The line count for "from" is all that is needed: say how many lines in the listing below contain it.

(RECORDED DATA begins)

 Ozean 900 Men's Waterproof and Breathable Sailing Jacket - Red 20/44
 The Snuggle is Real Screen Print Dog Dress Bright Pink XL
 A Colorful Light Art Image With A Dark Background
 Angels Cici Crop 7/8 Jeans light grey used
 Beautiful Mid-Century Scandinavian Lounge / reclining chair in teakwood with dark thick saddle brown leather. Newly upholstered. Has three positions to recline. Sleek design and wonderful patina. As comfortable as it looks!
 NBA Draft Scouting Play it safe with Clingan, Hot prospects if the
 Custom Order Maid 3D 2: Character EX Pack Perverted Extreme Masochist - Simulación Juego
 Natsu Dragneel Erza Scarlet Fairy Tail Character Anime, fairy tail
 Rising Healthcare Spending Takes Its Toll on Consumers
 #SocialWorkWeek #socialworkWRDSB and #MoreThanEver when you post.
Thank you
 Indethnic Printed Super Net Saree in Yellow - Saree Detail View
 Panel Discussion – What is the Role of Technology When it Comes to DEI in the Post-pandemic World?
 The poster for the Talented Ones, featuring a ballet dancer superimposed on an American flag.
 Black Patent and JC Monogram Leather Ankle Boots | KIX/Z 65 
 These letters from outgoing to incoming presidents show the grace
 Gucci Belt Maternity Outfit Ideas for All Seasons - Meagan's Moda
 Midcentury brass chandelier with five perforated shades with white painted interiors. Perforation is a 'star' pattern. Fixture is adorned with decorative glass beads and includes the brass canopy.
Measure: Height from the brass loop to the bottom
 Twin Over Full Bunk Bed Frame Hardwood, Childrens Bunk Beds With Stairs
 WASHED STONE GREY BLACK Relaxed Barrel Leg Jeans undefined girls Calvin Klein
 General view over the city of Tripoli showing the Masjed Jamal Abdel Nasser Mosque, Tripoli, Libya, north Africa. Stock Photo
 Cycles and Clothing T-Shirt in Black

(RECORDED DATA ends)

:: TASK RESULT ::
2